This should be provided by the chain class as a transient view of the event information.
Note
Containers are actually made up from two classes. The first one is the one holding all the variables, while the second one adds the “read-on-demand” behavior to the container.
When navigating the doxygen documentation remember to go check the XXXData class, where “XXX” is the container Class, and you’ll find the description for all the container variables.
The event Category
To avoid going through every event every single time you can perform a fast event filtering by looking at the event
Category
mask
in the Header
container.
Note
To check if an event belongs in a given set of categories you can use the Header::CheckMask
method.
Categories can be combined into a single mask, to check many of them at once
// this mask will check for charge=1 according to both tracker and tof
NAIA::Category cat = NAIA::Category::Charge1_Trk | NAIA::Category::Charge1_Tof;
for (NAIA::Event &event : chain) {
// check charge with TOF and Tracker
if (!event.header->CheckMask(cat))
continue;
CheckMask
will check that all categories are present in the event. If you want to perform the check in or rather
than and you can use the MathAnyBit
free function
// this mask will check for charge=1 according to both tracker or tof
NAIA::Category cat = NAIA::Category::Charge1_Trk | NAIA::Category::Charge1_Tof;
for (NAIA::Event &event : chain) {
// check charge with TOF or Tracker
if (!NAIA::MatchAnyBit(event.header->Mask(), cat))
continue;
(n.b: the CheckMask
method uses the MatchAllBits
free function)
Skimming
Ntuple skimming is very easy to do in NAIA. You can setup a new file for your skimmed ntuples by calling
NAIAChain::CreateSkimTree
and specifying the name of the output root file
(see doxygen).
CreateSkimTree
will return a SkimTreeHandle
object.
As the name implies the SkimTreeHandle
is a handle to the new tree, you can call Fill
on it to save a given event
in the new tree.
When you’re done processing you can call Write
on the SkimTreeHandle
to write the resulting TTree
on the
output root file.
Note
If you don’t want to write out some containers (in case you know you won’t need them and want to save some space)

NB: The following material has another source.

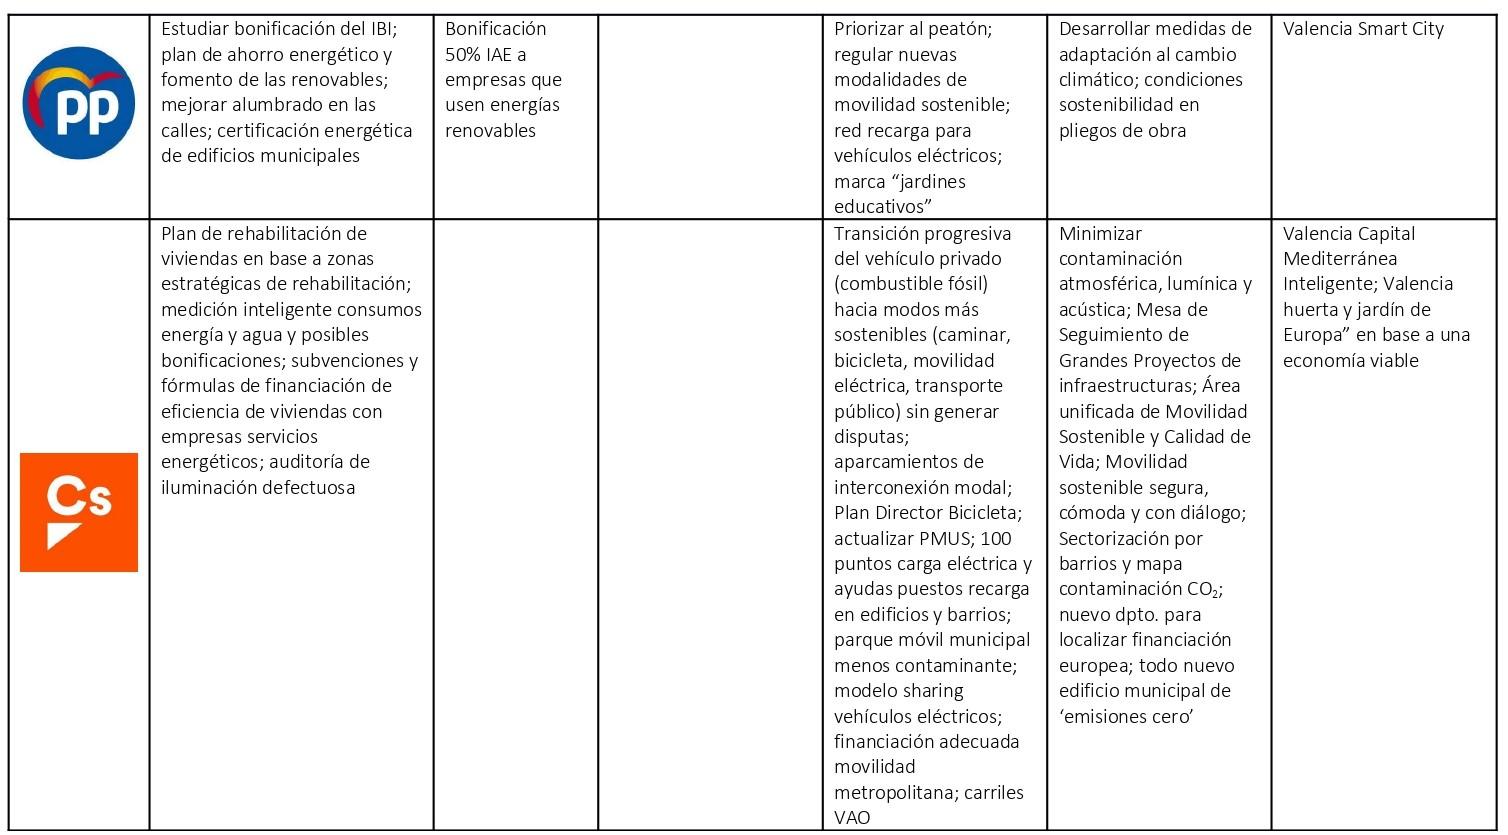 Contraste_Programas_Electorales_Municipales_201913811_page-0002 (3)

you can pass a semicolon-separated list of containers to exclude as the second argument of CreateSkimHandle
.
Examples
NAIA ships with a few examples to help you getting started
All examples show the steps needed to compile/run a simple executable that loops over a NAIAChain
CMake
Warning
This is the recommended way to go
To compile just run
mkdir build
cd build
cmake .. -DNAIA_DIR=/path/to/your/naia/install/cmake
make
If you take a look at the included CMakeLists.txt
you’ll notice that the only two lines needed to link against the NAIA libraries are:
find_package(NAIA REQUIRED)
# ...
target_link_libraries(main PUBLIC NAIA::NAIAChain)

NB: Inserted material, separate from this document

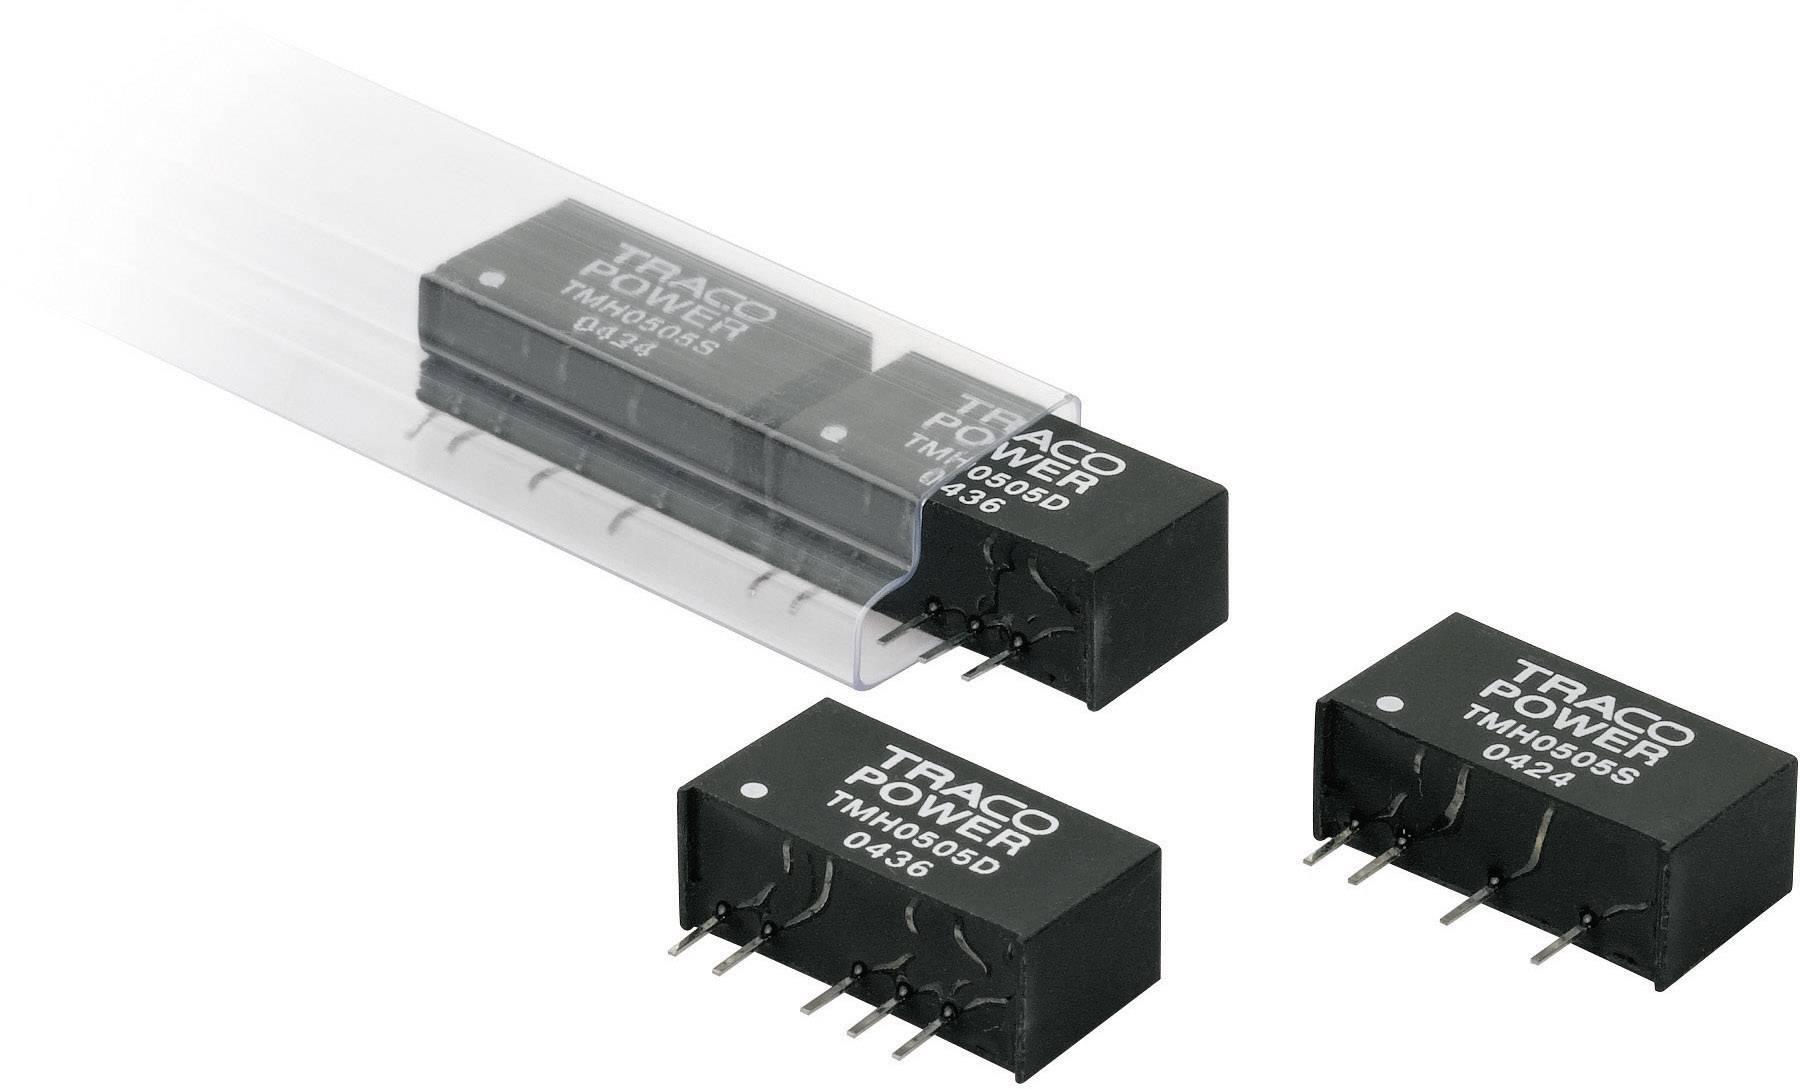 DC/DC měnič TracoPower TMH 0505S, vstup 5 V/DC, výstup 5 V/DC, 400 mA, 2 W

this is because NAIA internally defines everything that is needed in terms of targets.
The NAIA::NAIAChain
target internally knows all the include paths, preprocessor macros, library paths, libraries
that it needs so that CMake can propagate these requirements to all targets linking against NAIA::NAIAChain
.
Note
This also means that if in the future these requirements will change you don’t have to adapt the build of your project.
Makefile
To compile you need to update the NAIA_DIR
variable inside the Makefile
and then you can just call make
.
Remember to add include paths/libraries if needed or if something changes in the NAIA project.
ROOT macros
Before running the examples as a ROOT macros you need to either load the load.C
macro beforehand
root load.C main.cpp
or add the content of load.C
to your .rootlogon.C
.
Note
Also in this case you have to update the value of naia_dir
inside of load.C
and keep track of changes
in the upstream NAIA project.
RDataFrame
Note
NB: this mode is not particularly tested, and usage of containers is slightly different
However, it is extremely cool
This example shows how to plot one histogram on NAIA events applying some simple selections, using the RDataFrame
approach.
There are a few caveats when using this approach:
You don’t use
NAIAChain
, instead you have to create theRDataFrame
object reading the original tree from file, or creating a traditionalTChain
. How this ties with theRTIInfo
andFileInfo
trees is to be investigated.You have to work with the “Data” container classes, without the “read-on-demand” part.
RDataFrame
is supposed to take care of the rest by itself.You have to use the correct branch name in all the operations, which should be the same as the corresponding container “Data” class.
Simple macro
Note
NB: this mode is not particularly tested, and generally discouraged
This example shows how to loop on a NAIAChain
from a root macro. It is identical to the simple CMake and Makefile examples.